*** Opening of Given information ***

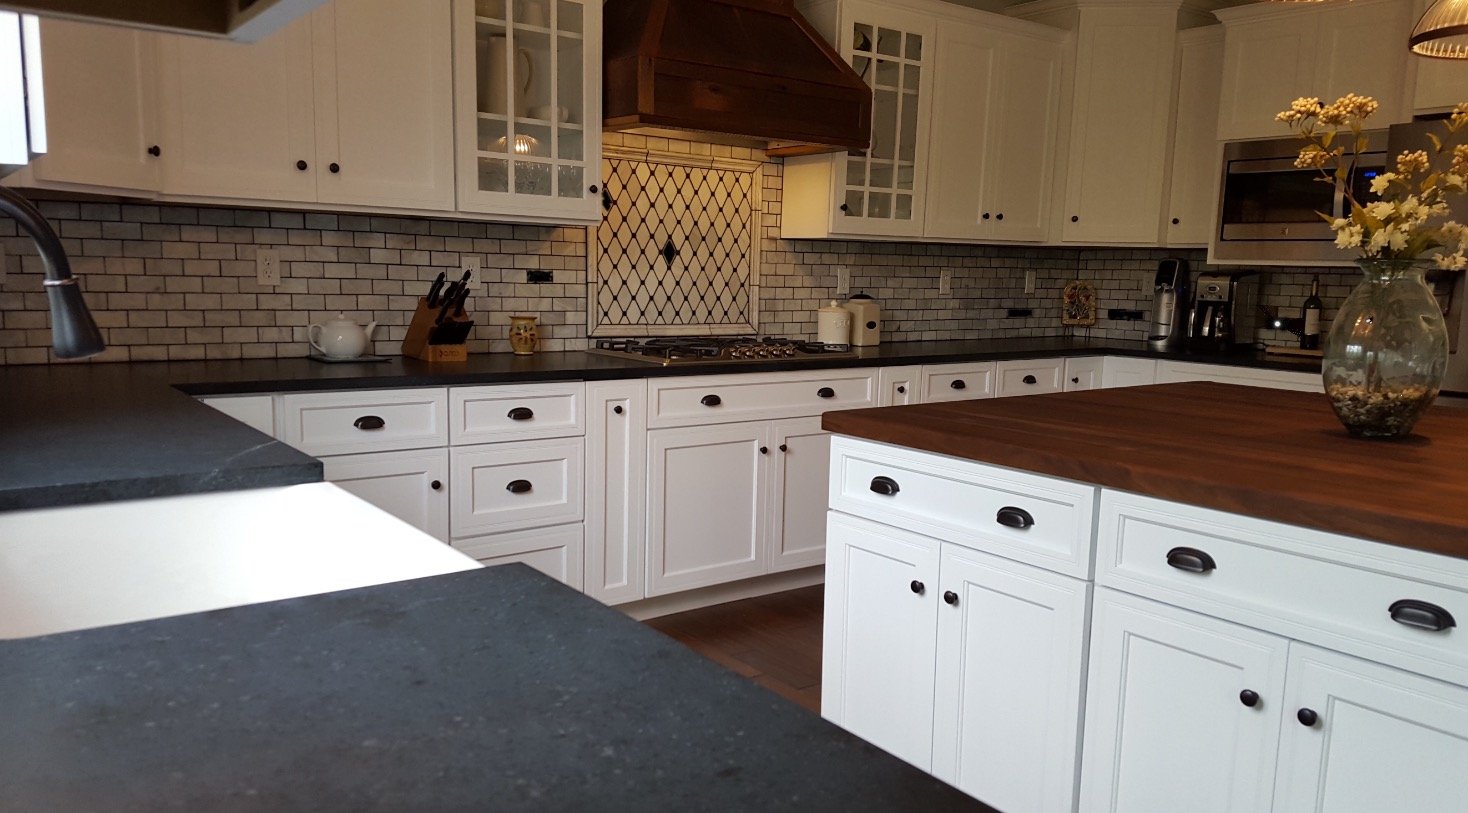 What Color Granite Goes With White Cabinets?
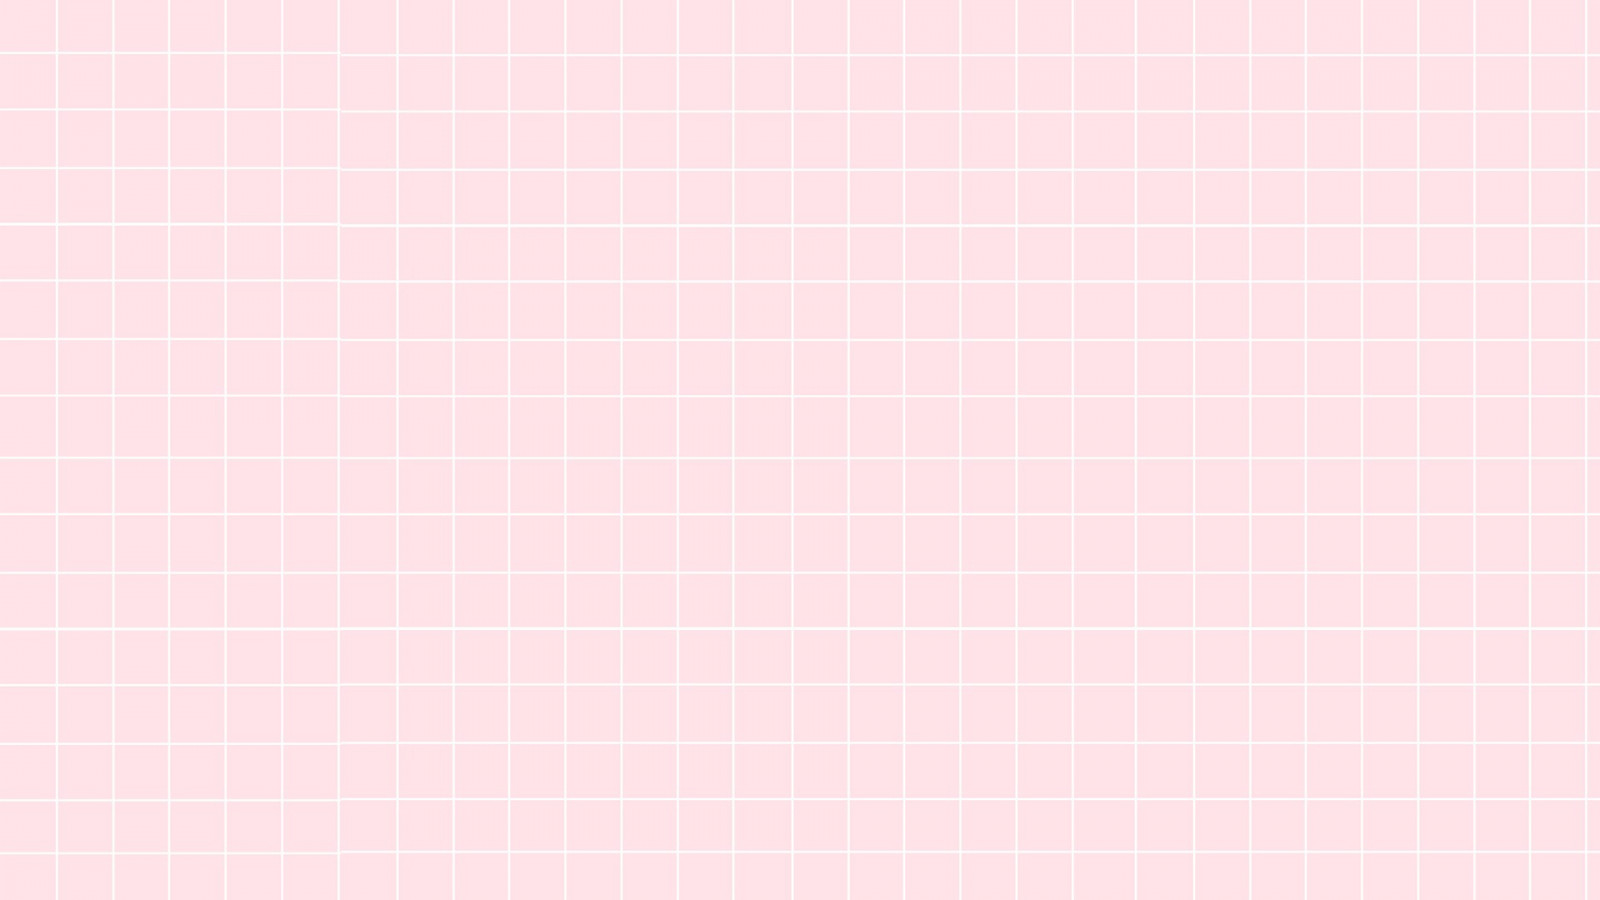 Pink grid background with white grid lines - YouTube
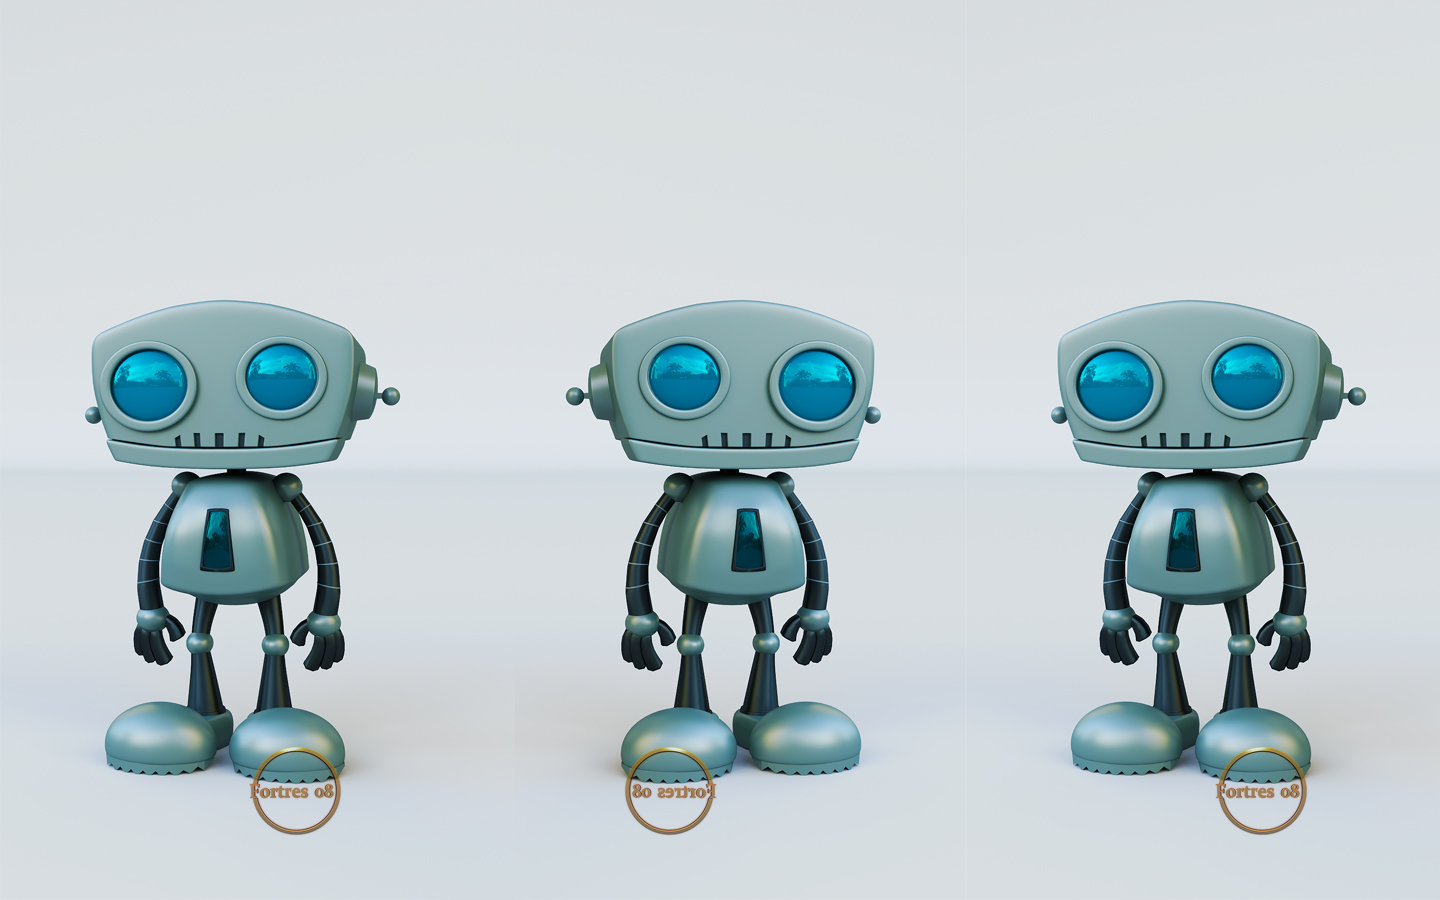 Cartoon Robot - Finished Projects - Blender Artists Community
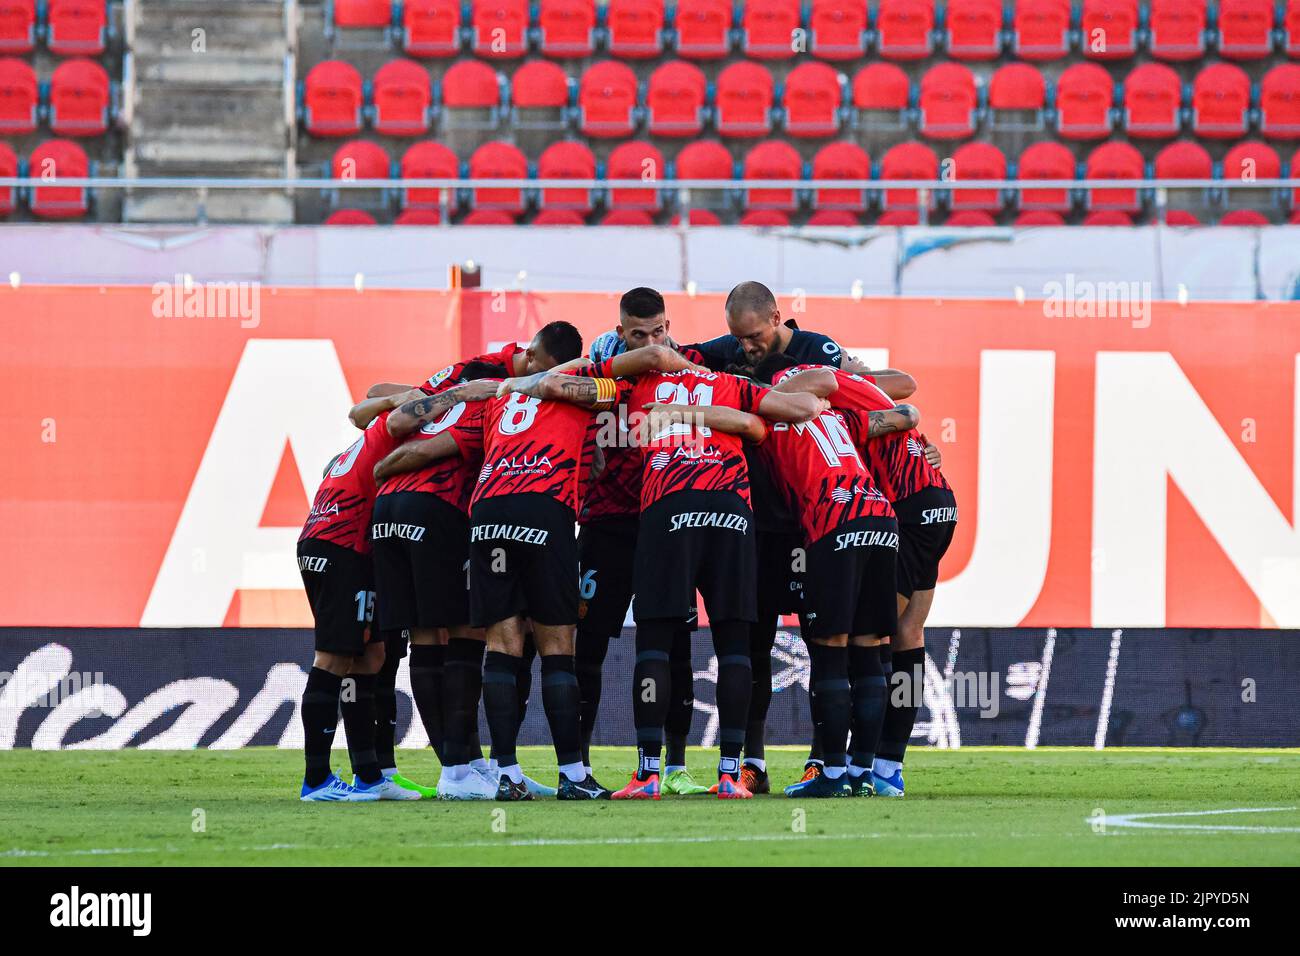 MALLORCA, SPAIN - AUGUST 20: Mallorca players the match between RCD Mallorca and Real Betis of La Liga Santander on August 20, 2022 at Visit Mallorca Stadium Son Moix in Mallorca, Spain. (Photo by Samuel Carreño/PxImages) Stock Photo

*** Close of Given information ***

Task objective: A word-for-word reprint of the listing above is needed, minus the pictures.

Your response:
 What Color Granite Goes With White Cabinets?
 Pink grid background with white grid lines - YouTube
 Cartoon Robot - Finished Projects - Blender Artists Community
 MALLORCA, SPAIN - AUGUST 20: Mallorca players the match between RCD Mallorca and Real Betis of La Liga Santander on August 20, 2022 at Visit Mallorca Stadium Son Moix in Mallorca, Spain. (Photo by Samuel Carreño/PxImages) Stock Photo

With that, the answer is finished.